Новая политическая ситуация, которая связана с началом экономических реформ и которая стала складываться в Китае с 80-х годов, позволила вновь заявить о себе тенденции синтеза культур Так, появилась теория "синтетического творения", главным теоретиком которой выступил Цзан Дайнань. Он призвал отказаться от "жесткого осевого мышления", т.е. от идеи антагонизма между Китаем и Западом. По его словам, требуется вступить на путь конвергенции китайской и западной культур.
Несмотря на все призывы к синтезу, попытки реализации последнего до сих пор фактически сводились к переводу философских идей собственной традиции на язык западной философии Это, с одной стороны, открывает и делает "восточную" традицию доступной внешнему миру, не ограниченному культурно-цивили-зационными пределами, тем самым способствуя складыванию некоего общего языка, необходимого для взаимопонимания. С другой стороны, использование различных философских языков оказывается благотворным не только для более полного выражения, но и для раскрытия различных культурных опытов, тем самым стимулируя в конечном счете процесс философствования как таковой.

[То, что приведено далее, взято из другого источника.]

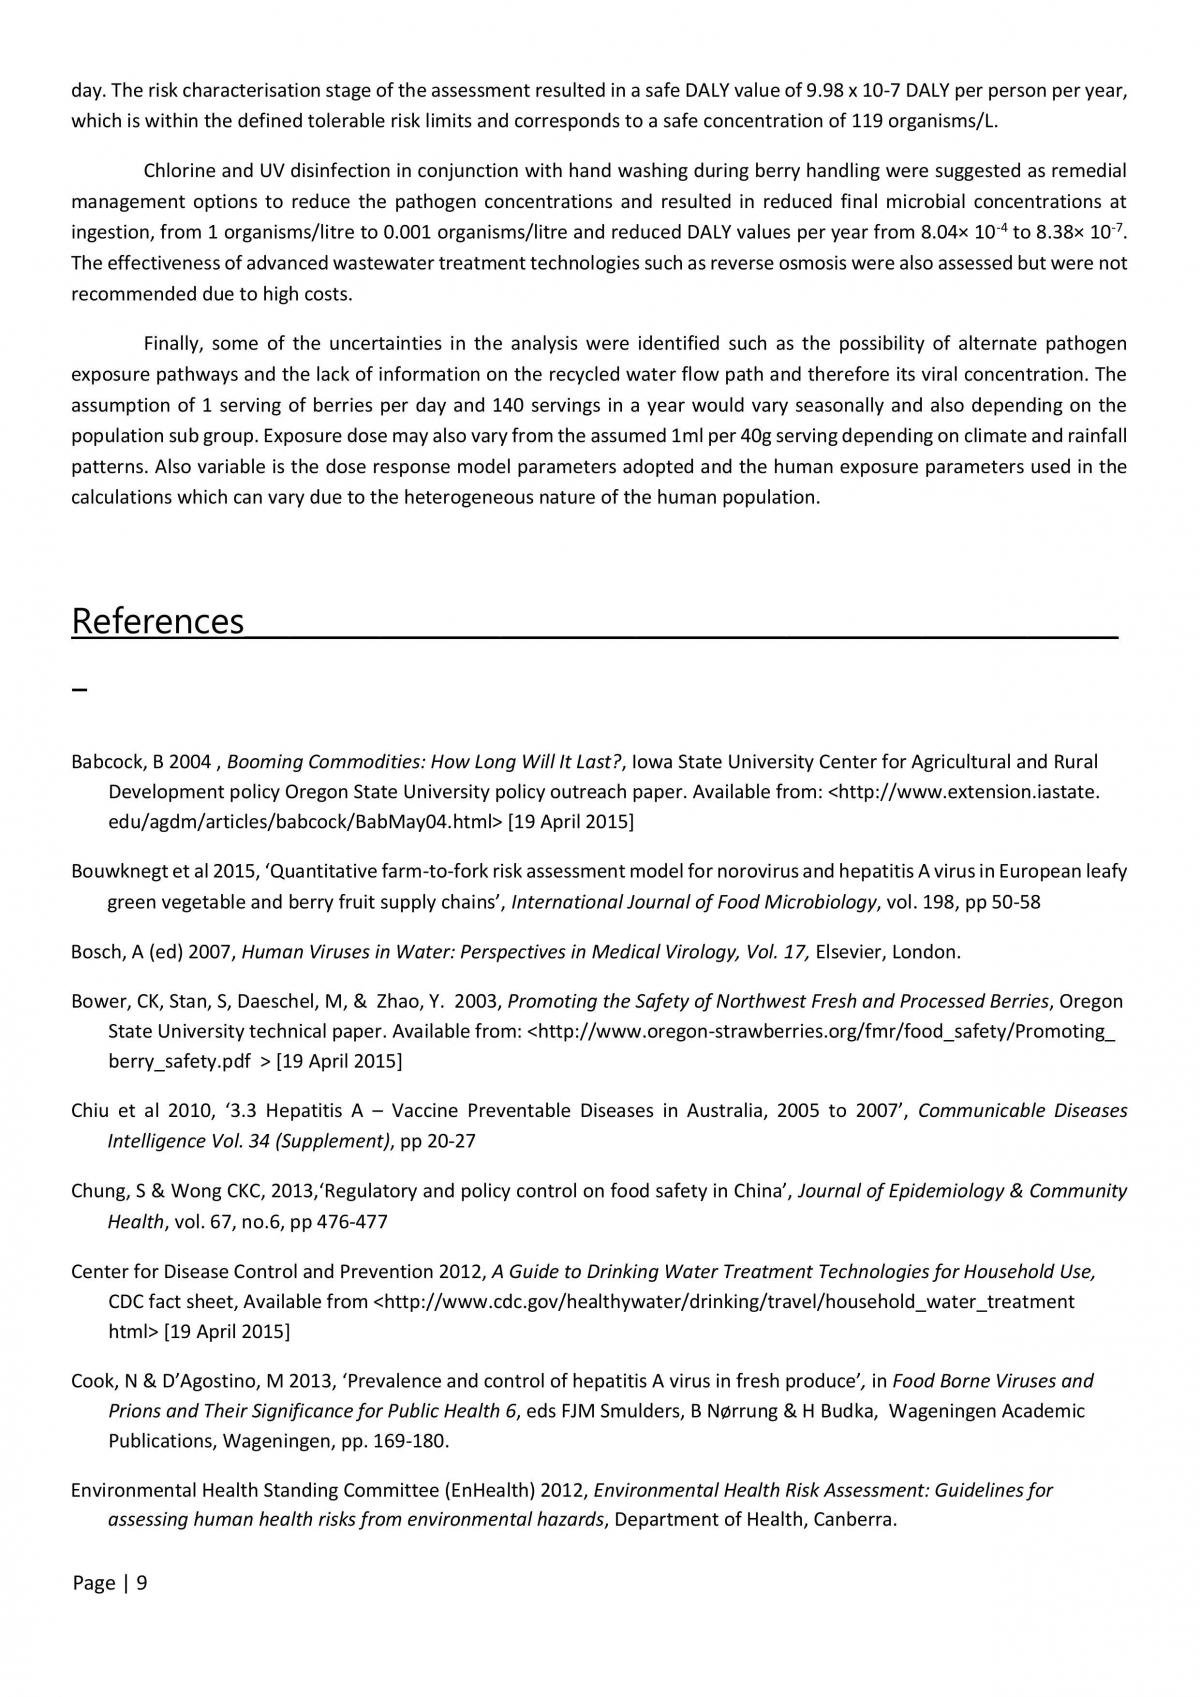 Assignment 1 - Risk Assessment (Grade: D) - Page 12

Реформаторская позиция в индуизме проявляется прежде всего в отказе от идолопоклонства, от политеизма, от наделения божеств антропоморфными чертами. Индусские реформаторы акцентируют особую роль человека в мироздании. Свами Вивекананда (1863- 1902) - один из выдающихся индийских мыслителей и общественных деятелей нового времени - неустанно напоминал об особой, божественной природе человека. "Прежде всего, избавьтесь от ограниченного представления о Боге, - говорил он, обращаясь к соотечественникам, - и увидьте Его в каждом человеке - работающим тысячей рук, вкушающим всеми устами... Я не замкнутое маленькое создание, я - частица Космоса. Я - жизнь всех сыновей прошлого, я - душа Будды, Иисуса, Мухаммада... Встаньте, вот высшая вера. Вы едины со вселенной. В этом заключено истинное смирение, а не в том, чтобы ползать на четвереньках и объявлять себя грешником" (170).
Индусский реформатор мечтал о том, чтобы каждый индиец обрел веру в самого себя, избавился от внутреннего рабства, "каждый восстал гигантом, способным своротить горы мощью своего интеллекта, чтобы он стал бесконечным Богом" (171). Показательно при этом, что Вивекананда видел главное призвание человека в земном труде, а не в аскезе, уходе от мира. Сопоставляя "подлинного" человека с "кажущимся", Свами утверждал, что "человек - величайшее из живых существ, земной же мир труда - наилучшее местопребывание для него, ибо только здесь он получает самые большие возможности для самосовершенствования" (172).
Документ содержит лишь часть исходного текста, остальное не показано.